Loading and preprocessing of the dataset

The next step is loading and preprocessing of your dataset. For today's model, we're using the Hot Dog-Not Hot Dog dataset. Make sure to create an account at Kaggle in order to download the dataset. After downloading, unzip the data, rename the folder into hotdog and move the folder to the folder where your hotdog.py file is located.

To give you an idea about the dataset: it's a few hundred pictures of hot dogs, and a few hundred pictures of foods that aren't hotdogs. Here are four samples:

After downloading the dataset, it's time to write some code that (1) loads the data from that particular folder and (2) preprocesses it. Here it is:

# Load data
def load_data(data_type='train', class_name='hot_dog'):
  instances = []
  classes = []
  for filepath in os.listdir(f'hotdog/{data_type}/{class_name}'):
    resized_image = cv2.imread(f'hotdog/{data_type}/{class_name}/{format(filepath)}', 0)
    resized_image = cv2.resize(resized_image, (img_width, img_height))
    instances.append(resized_image)
    classes.append(0 if class_name == 'not_hot_dog' else 1)
  return (instances, classes)

If we look at it, we see that this definition - once used - does a couple of things:

  1. It allows you to specify the data_type and the class_name. By default, it attempts to load hot_dog images from the train folder.
  2. It lists the contents of the folder specified with the previous parameters available in the hotdog folder. That's why you had to rename the folder and move it to the folder where your Python script is located!
  3. It loads the image using imread, as a grayscale image - by means of the 0 specification. We don't want colors of images to interfere with the prediction, as it's all about shape. This is especially important in the case of small datasets, which can be biased. That's why we load the images as grayscale ones.
  4. We resize the images to 25 x 25 pixels, in line with the model configuration specified above. Resizing is necessary for two reasons. Firstly, images can be really large sometimes, and this can hamper learning. It's usually best to train your models with images relatively small in size. Secondly, your model will accept inputs only when they have the shape of the input specified in the Input layer (which we shall cover next). That's why all images must be using the same number of color channels (that is, either RGB or grayscale, but not both) and be of the same size.
  5. We append the resized image to the list of instances, and the corresponding class number to the list of classes.
  6. We output a tuple with the instances and classes.
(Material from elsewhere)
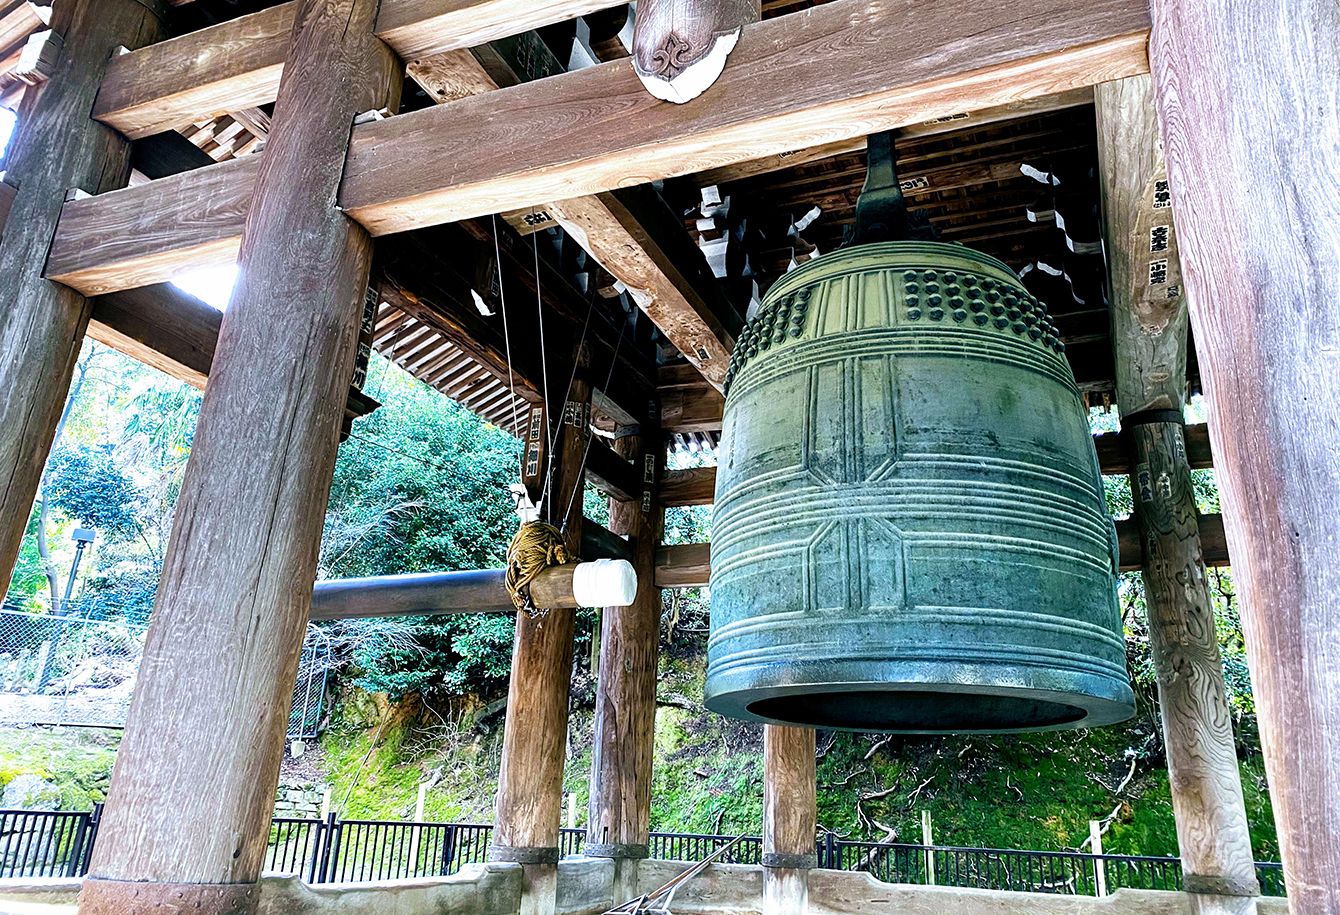 ｢うるさい､やかましい｣なぜ日本人はお寺の鐘に苦情を言うようになったのか
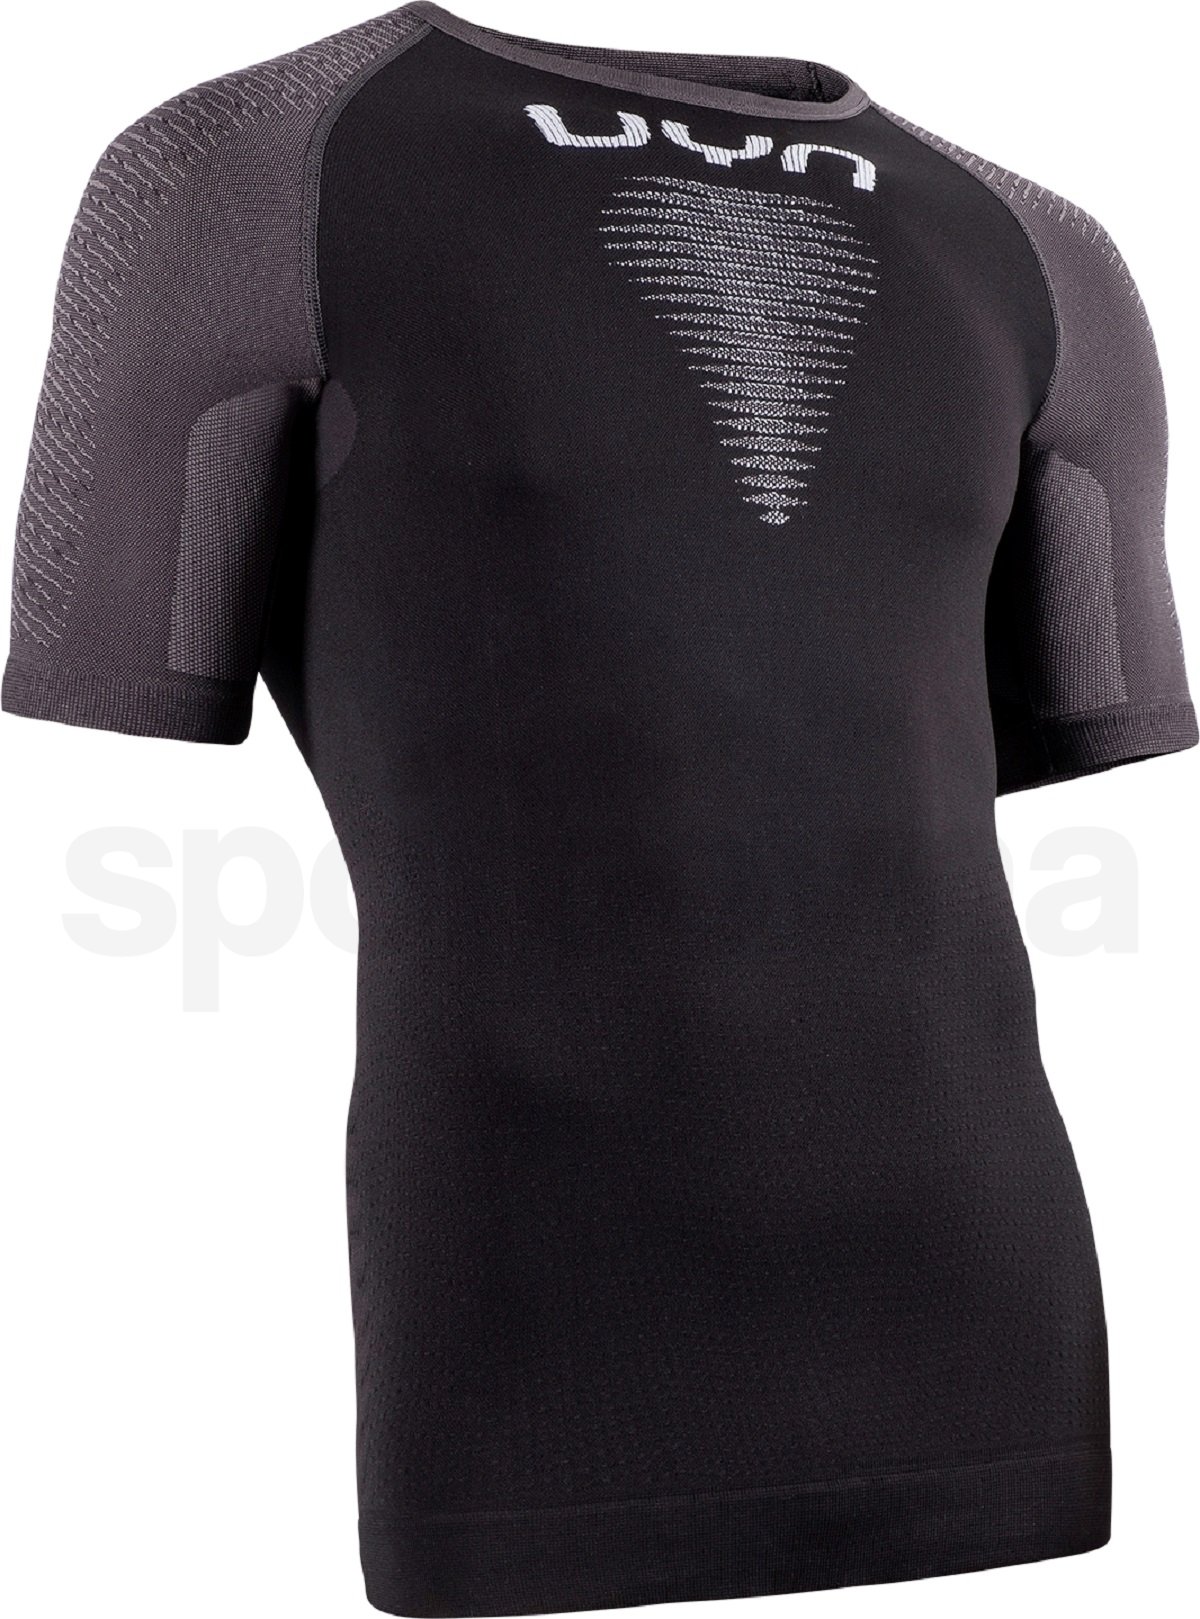 Tričko UYN Marathon OW Shirt SH SL M - černá/šedá/bílá

After loading and preprocessing, our images should be both in grayscale and resized. Indeed, they now look as follows:

Creating the model skeleton

Now we have defined a function for loading and preprocessing the data, we can move on and create a function that creates the model skeleton. Such a skeleton is essentially the representation of the model building blocks - i.e., the architecture. The model itself is not yet alive, and will be instantiated after specifying the skeleton, as we shall see.

Make sure to add this code for specifying the model skeleton:

# Model creation
def create_model():
  model = Sequential()
  model.add(Conv2D(4, kernel_size=(3, 3), activation='relu', input_shape=input_shape))
  model.add(Conv2D(8, kernel_size=(3, 3), activation='relu'))
  model.add(Conv2D(12, kernel_size=(3, 3), activation='relu'))
  model.add(Flatten())
  model.add(Dense(256, activation='relu'))
  model.add(Dense(no_classes, activation='softmax'))
  return model

The steps performed are simple: a model is created with the Sequential API, three convolutional layers are stacked on top of each other (note the increasing number of feature maps with increasing abstractness; we benefit most from learning the abstract representations), a Flatten operation which allows the output feature maps to be input by the Dense layers, which finally generate a multiclass probability distribution using Softmax.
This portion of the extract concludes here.